[Dataset entries Boundary: Start]

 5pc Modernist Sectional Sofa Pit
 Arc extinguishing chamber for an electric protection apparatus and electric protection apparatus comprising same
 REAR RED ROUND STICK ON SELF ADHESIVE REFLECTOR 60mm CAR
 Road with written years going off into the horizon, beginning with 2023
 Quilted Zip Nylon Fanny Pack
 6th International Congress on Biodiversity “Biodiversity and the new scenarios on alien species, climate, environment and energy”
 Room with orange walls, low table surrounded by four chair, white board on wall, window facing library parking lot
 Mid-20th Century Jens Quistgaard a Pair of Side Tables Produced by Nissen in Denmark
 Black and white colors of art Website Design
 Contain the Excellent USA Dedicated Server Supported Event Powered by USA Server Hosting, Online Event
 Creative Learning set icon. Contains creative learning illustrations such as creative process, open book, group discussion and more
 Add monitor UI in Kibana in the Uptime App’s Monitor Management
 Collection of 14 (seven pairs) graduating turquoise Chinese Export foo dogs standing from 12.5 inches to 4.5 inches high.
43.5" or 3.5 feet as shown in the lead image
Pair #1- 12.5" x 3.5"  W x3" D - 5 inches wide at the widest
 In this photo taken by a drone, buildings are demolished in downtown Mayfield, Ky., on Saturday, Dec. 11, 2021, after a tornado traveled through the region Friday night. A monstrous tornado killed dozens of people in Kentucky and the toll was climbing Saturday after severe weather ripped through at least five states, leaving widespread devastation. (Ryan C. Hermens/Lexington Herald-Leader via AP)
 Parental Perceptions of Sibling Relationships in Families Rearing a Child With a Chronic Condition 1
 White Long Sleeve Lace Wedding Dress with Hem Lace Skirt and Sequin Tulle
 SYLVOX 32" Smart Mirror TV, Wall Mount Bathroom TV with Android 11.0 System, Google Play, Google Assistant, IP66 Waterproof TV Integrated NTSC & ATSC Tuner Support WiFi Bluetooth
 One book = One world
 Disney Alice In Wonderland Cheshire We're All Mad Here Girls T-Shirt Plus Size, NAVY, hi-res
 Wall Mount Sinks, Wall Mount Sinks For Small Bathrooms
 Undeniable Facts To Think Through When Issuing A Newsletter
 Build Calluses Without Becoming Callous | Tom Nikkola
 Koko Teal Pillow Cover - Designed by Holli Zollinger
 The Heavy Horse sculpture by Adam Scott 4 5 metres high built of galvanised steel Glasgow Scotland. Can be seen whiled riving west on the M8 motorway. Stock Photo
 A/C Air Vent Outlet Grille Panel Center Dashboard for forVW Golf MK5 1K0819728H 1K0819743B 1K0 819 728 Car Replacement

[Dataset entries Boundary: End]

- Work request -
Your task is to copy each line of the data above that holds "Mount".

- Problem solution -
 SYLVOX 32" Smart Mirror TV, Wall Mount Bathroom TV with Android 11.0 System, Google Play, Google Assistant, IP66 Waterproof TV Integrated NTSC & ATSC Tuner Support WiFi Bluetooth
 Wall Mount Sinks, Wall Mount Sinks For Small Bathrooms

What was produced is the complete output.